EXERCISE DATA:
• • • • •

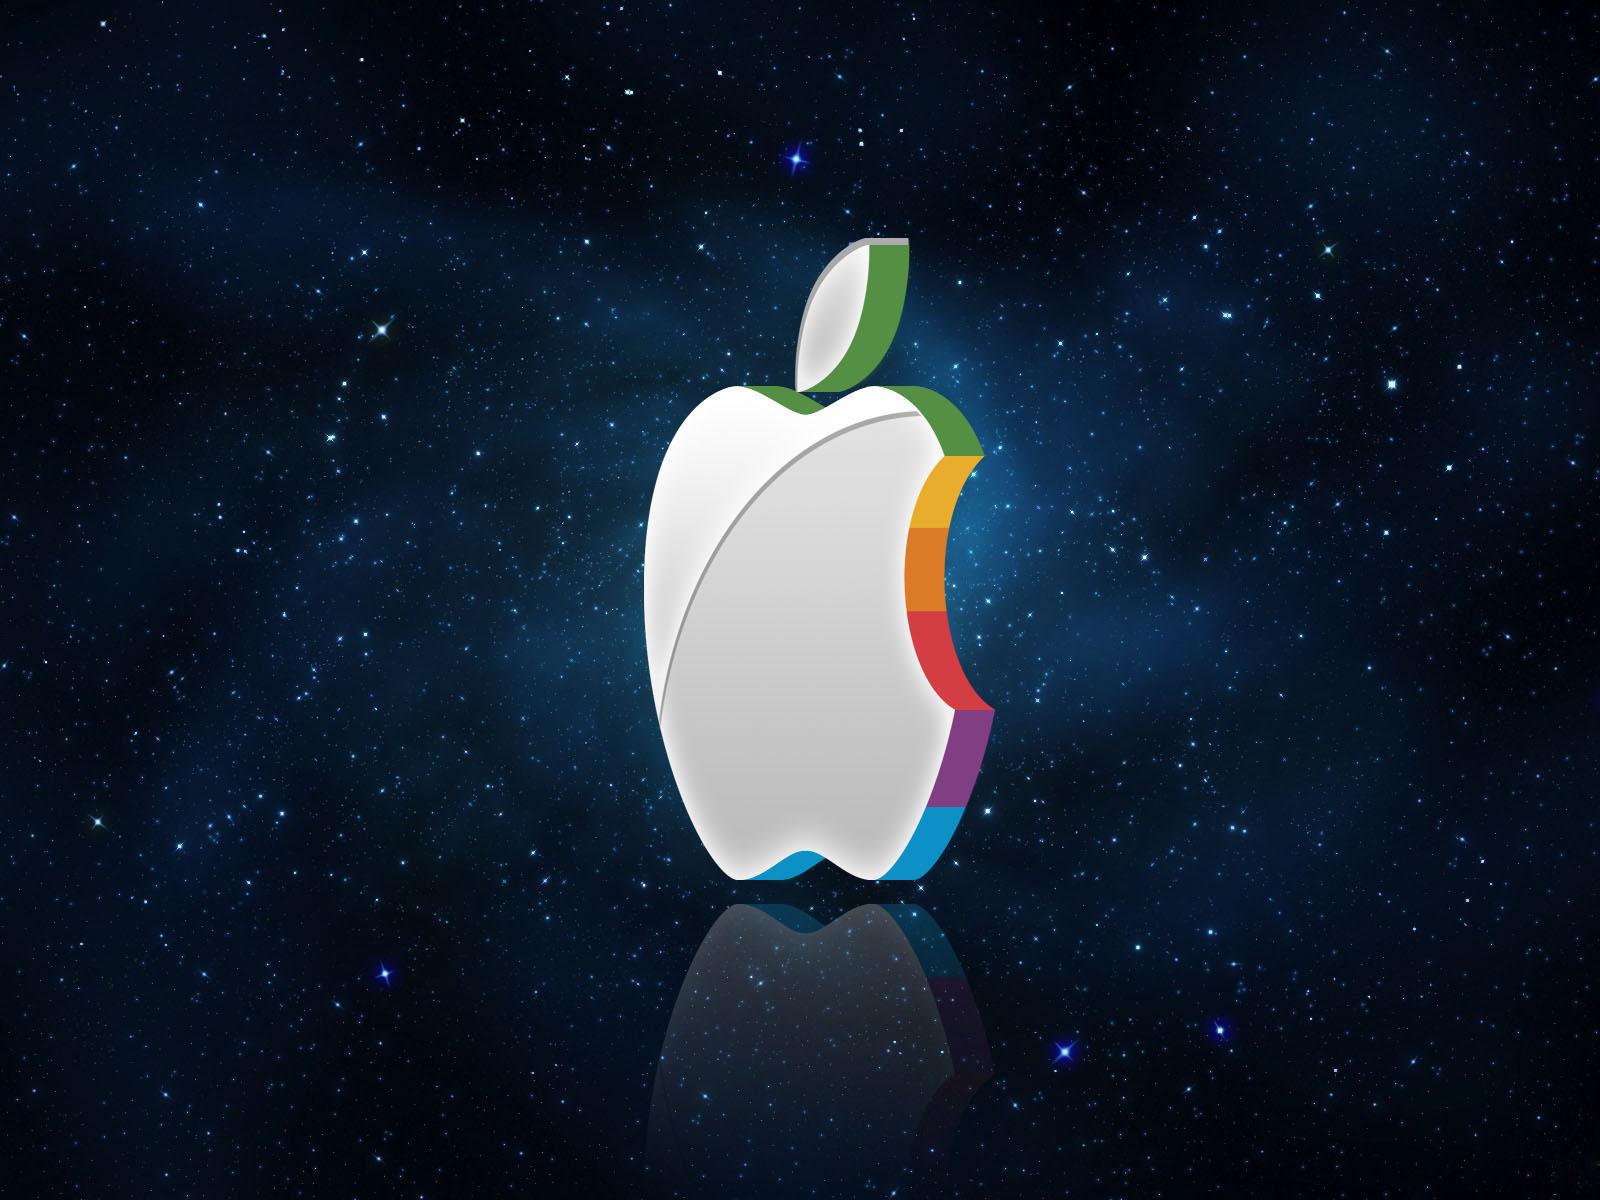 wallpaper: Apple Logo Wallpapers
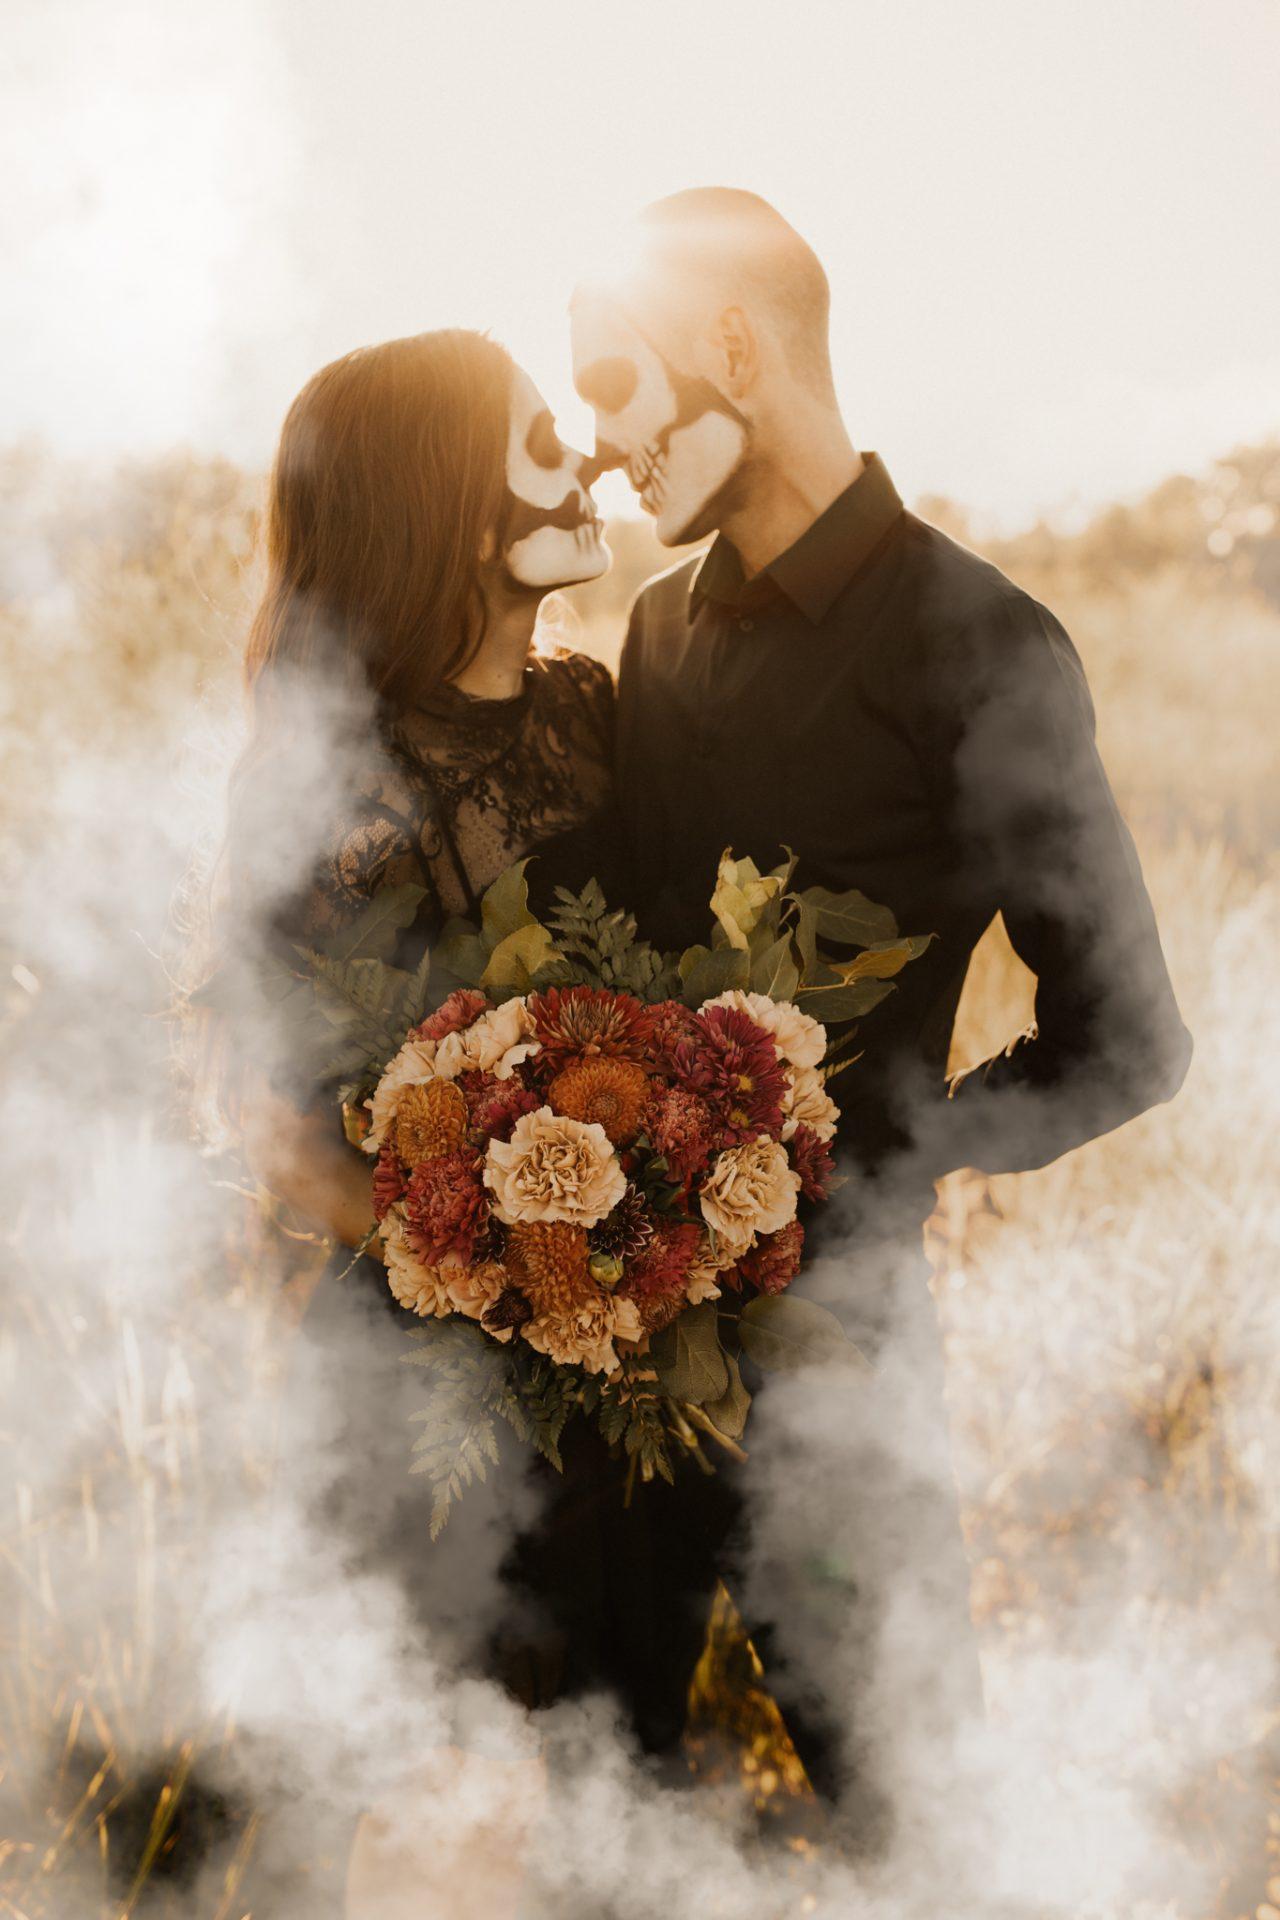 halloween couples shoot with smoke bombs
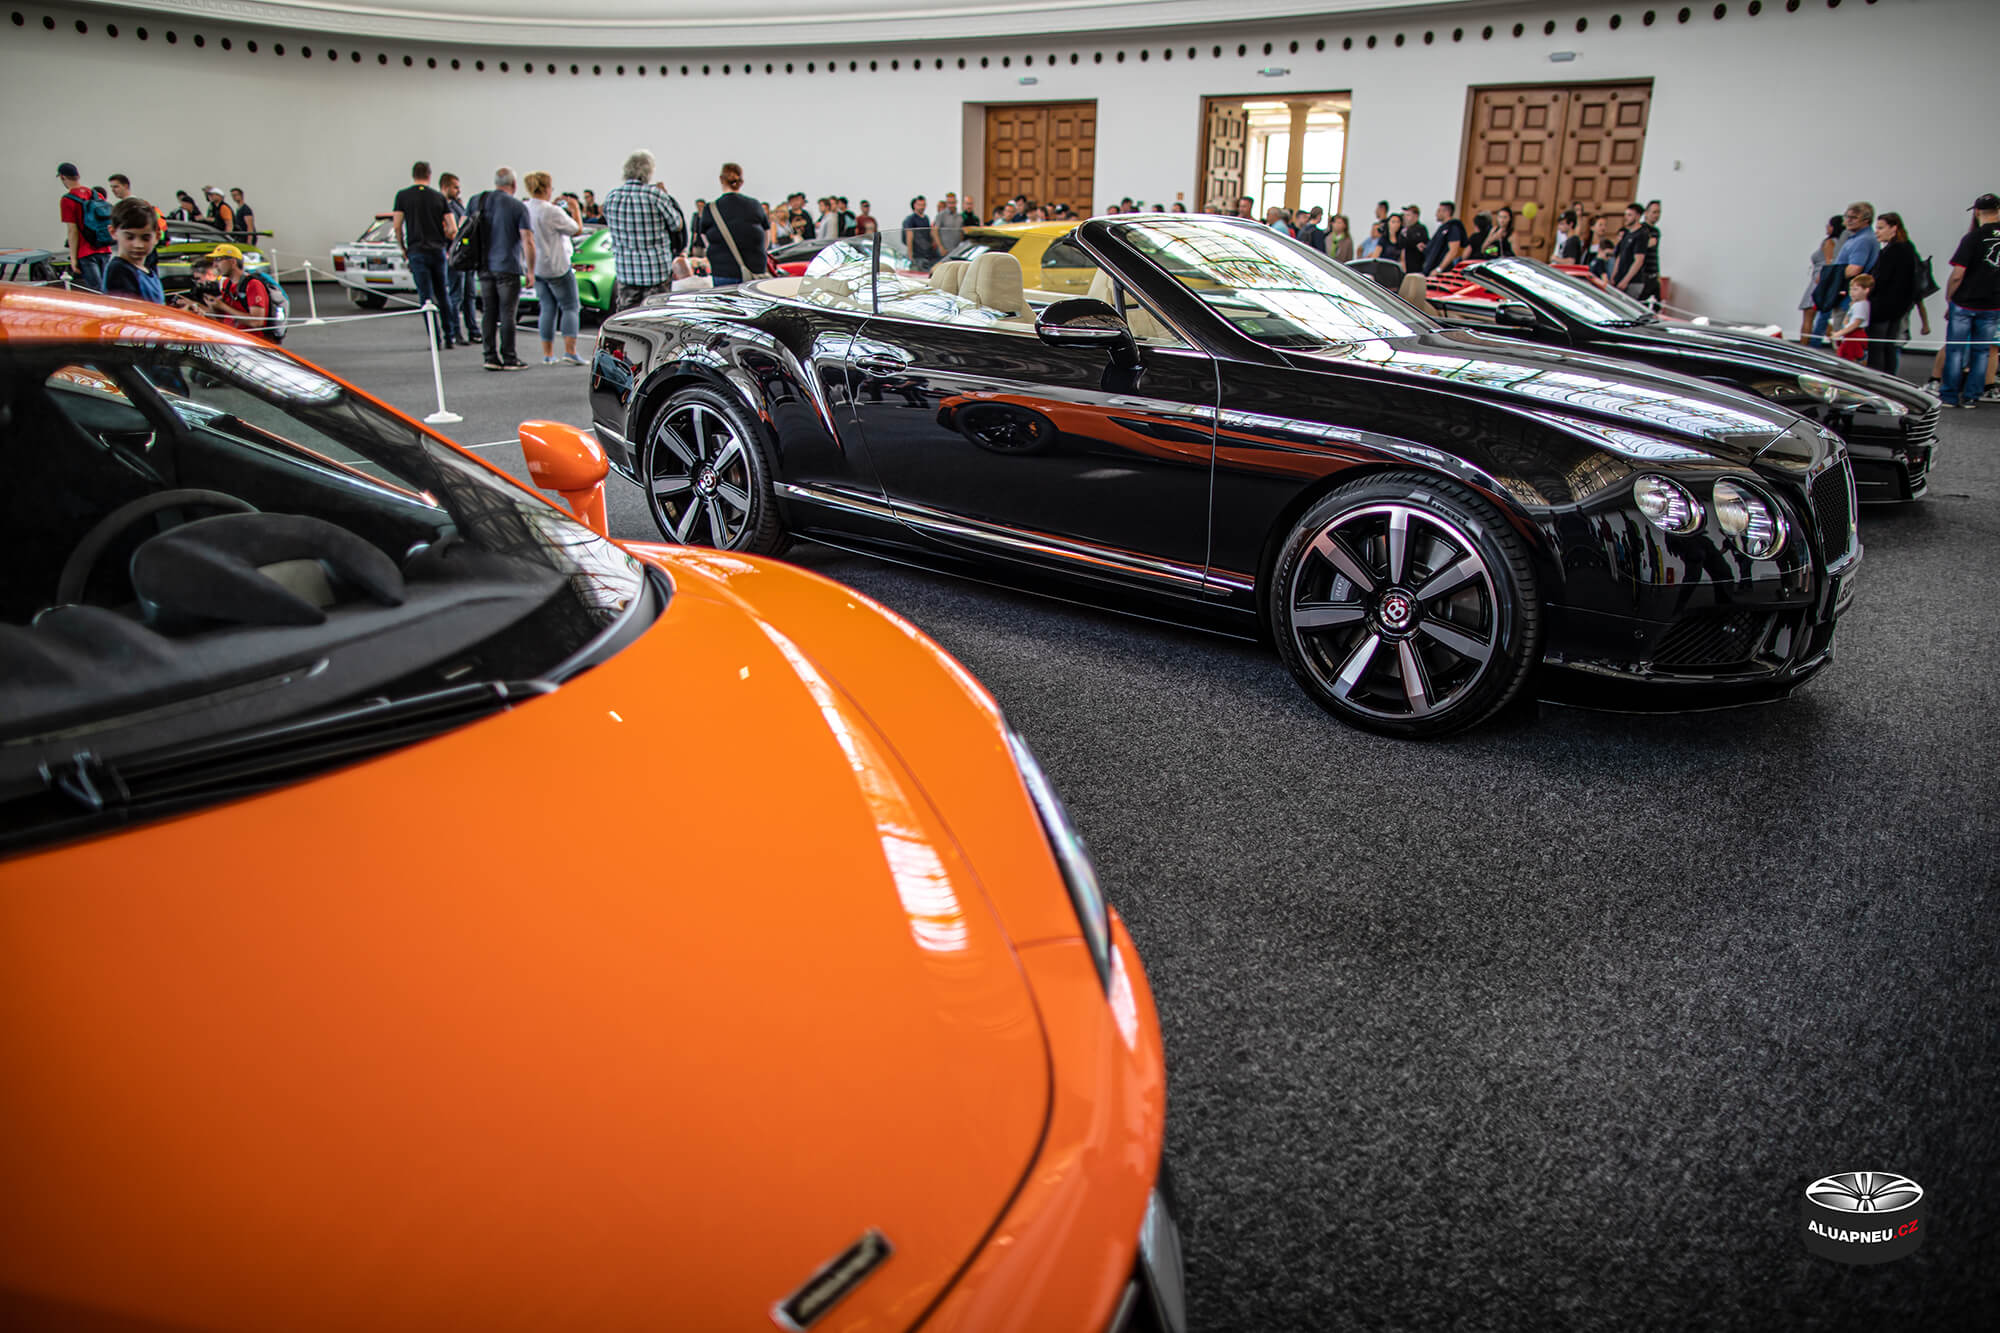 Leštěné elektrony Bentley Continental cabrio - Automobilové Legendy 2019 - www.aluapneu.cz

• • • • •

EXERCISE DIRECTIONS: Retype the whole listing word for word. Skip the pictures.

TASK RESULT:
 wallpaper: Apple Logo Wallpapers
 halloween couples shoot with smoke bombs
 Leštěné elektrony Bentley Continental cabrio - Automobilové Legendy 2019 - www.aluapneu.cz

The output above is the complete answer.